The scientists are optimistic but cautious. “These data are very promising, but the translation from mice to humans does not always reproduce the same effect,” says Dr Stephanie Cherqui, assistant professor in the department of molecular and experimental medicine at Scripps.

Support and education
The Daniels family is playing its part. In 2010 Gail and Colin established the South African Cystinosis Support Group, affiliated to the US-based Cystinosis Foundation, which is distinct from the Stacks’ Cystinosis Research Foundation, but the groups work hand in hand on, for example, the international registry.

Gail is mother hen to others in the South African group, largely state patients with no medical aid. She’s produced easy-to-follow information pamphlets for the group and meets and advises members. Until recently Colin covered most of the running costs and lent other assistance, such as cooler bags to preserve the cysteamine drink. (The group now receives a small donation from a Dutch couple, Jan and Marjolein Bos, who run a similar group in the Netherlands.)

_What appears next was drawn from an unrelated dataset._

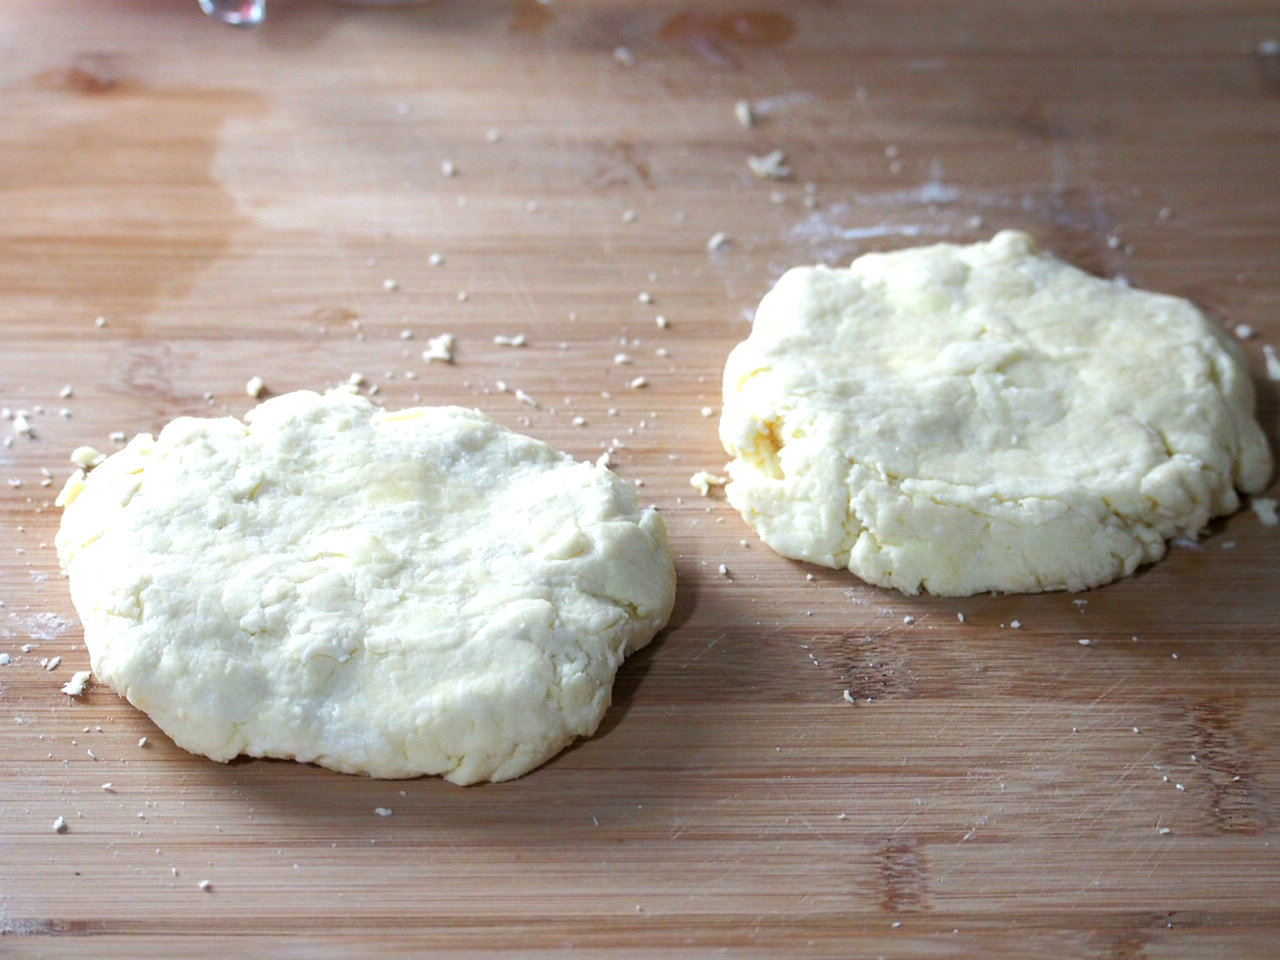 Galette dough
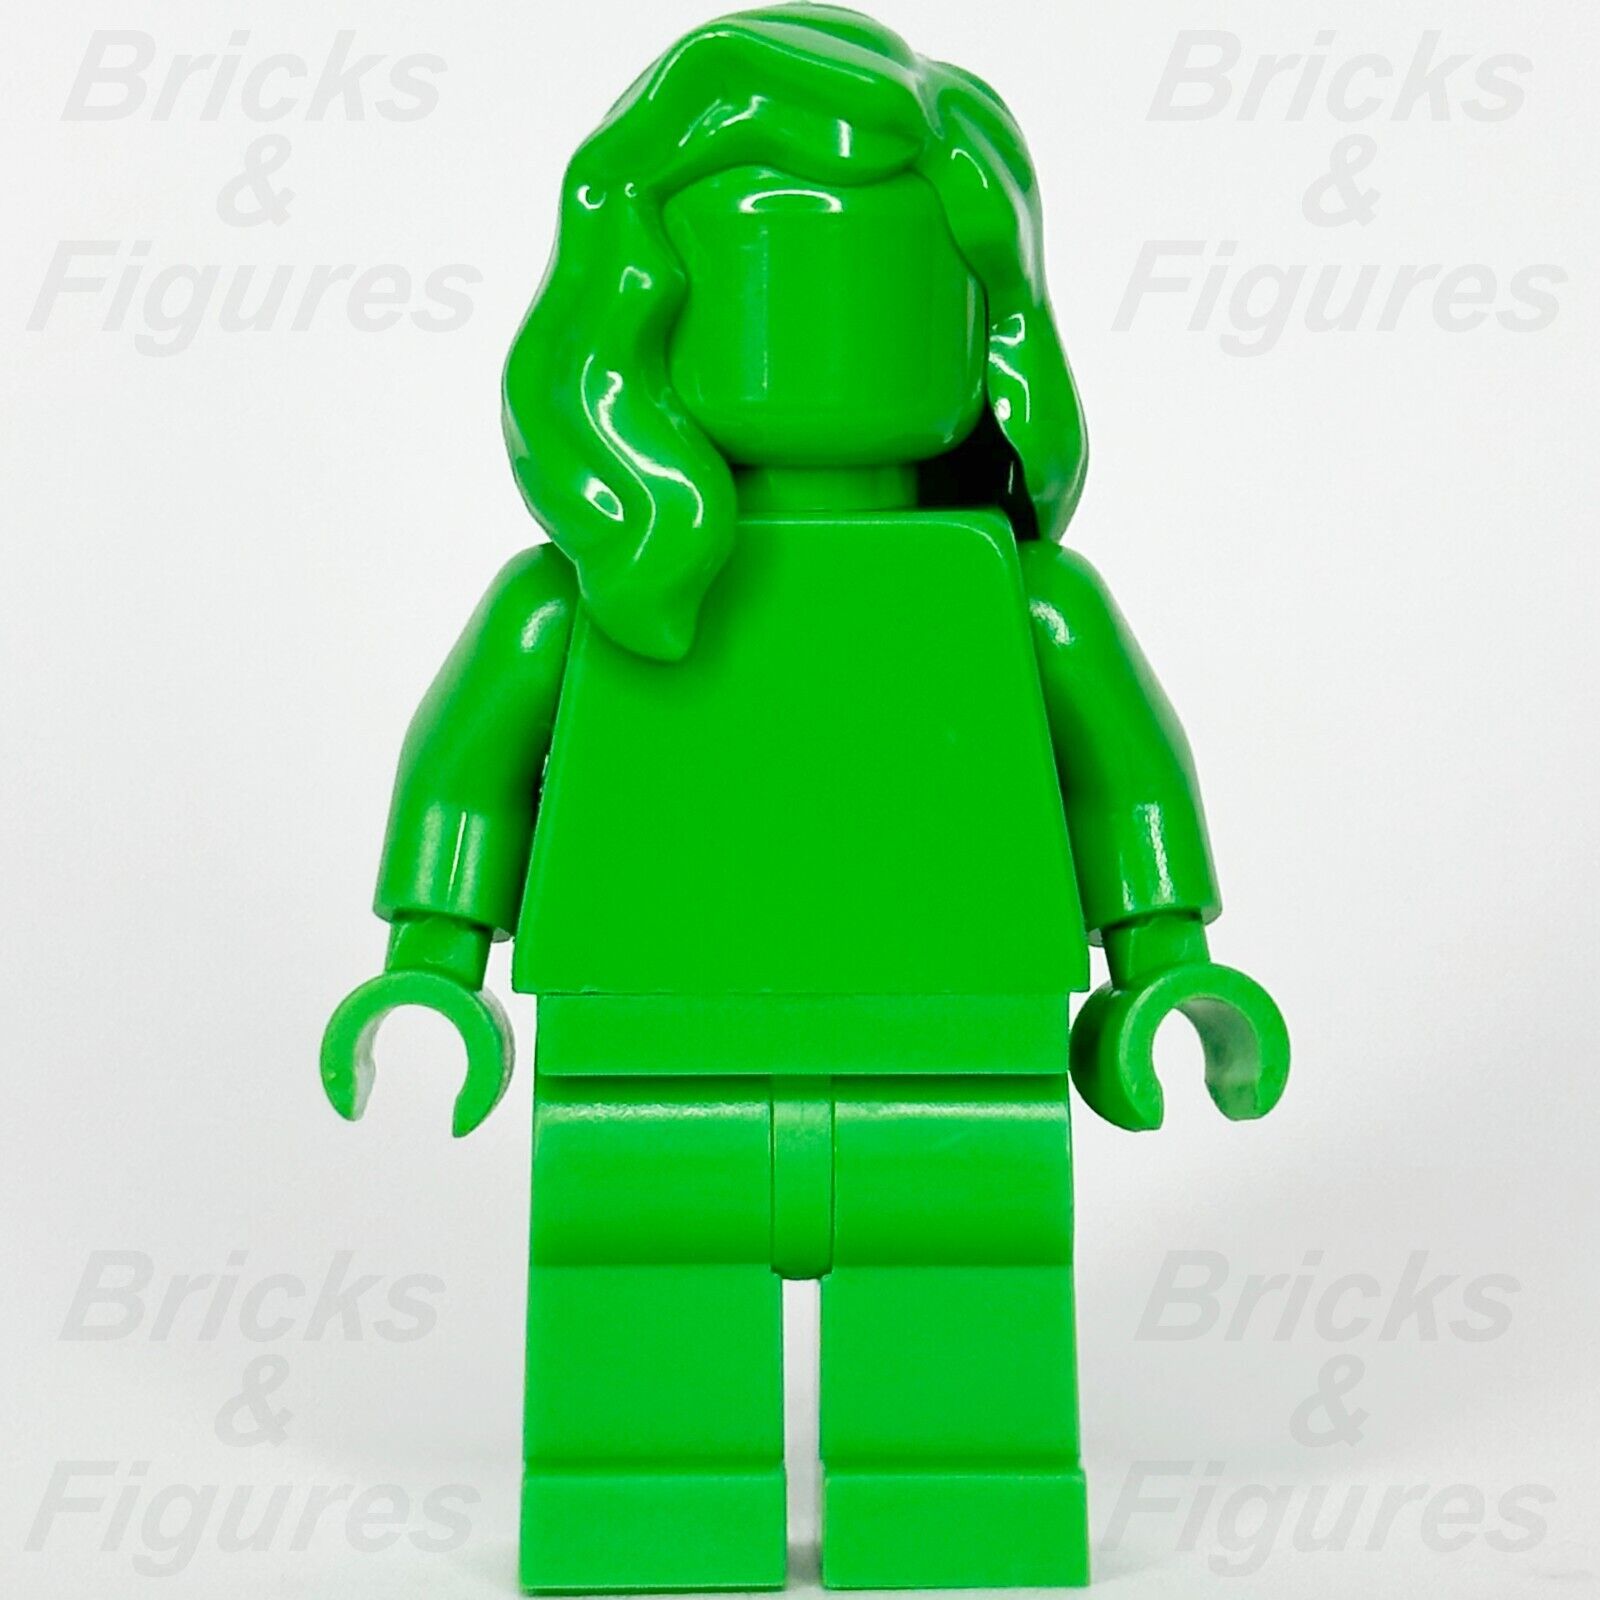 レゴ みんなすごい ブライトグリーン ミニフィギュア モノクロ 40516 tls105

Gail wants group members to have the same kind of support she received through the Cystinosis Foundation. “The foundation was the best thing that could have happened to us,” she says, “because we could speak to people who understood what we were saying and what we had gone through.”

Her mentor on the foundation is the eightysomething founder, Jean Hobbs-Hotz. “There is a treatment for cystinosis,” says Hobbs-Hotz. “We want the medical community to understand the disease so they can make a proper diagnosis and for families to understand the disease and the need for compliance.”

Danielle remains on the verge of kidney failure, but her family is keeping their eye on the future. “To say the worst is over won’t be very realistic,” says Gail. “But we are hopeful and prayerful that by God’s grace a cure for cystinosis will be found so that Danielle and many other sufferers will be able to enjoy good health.”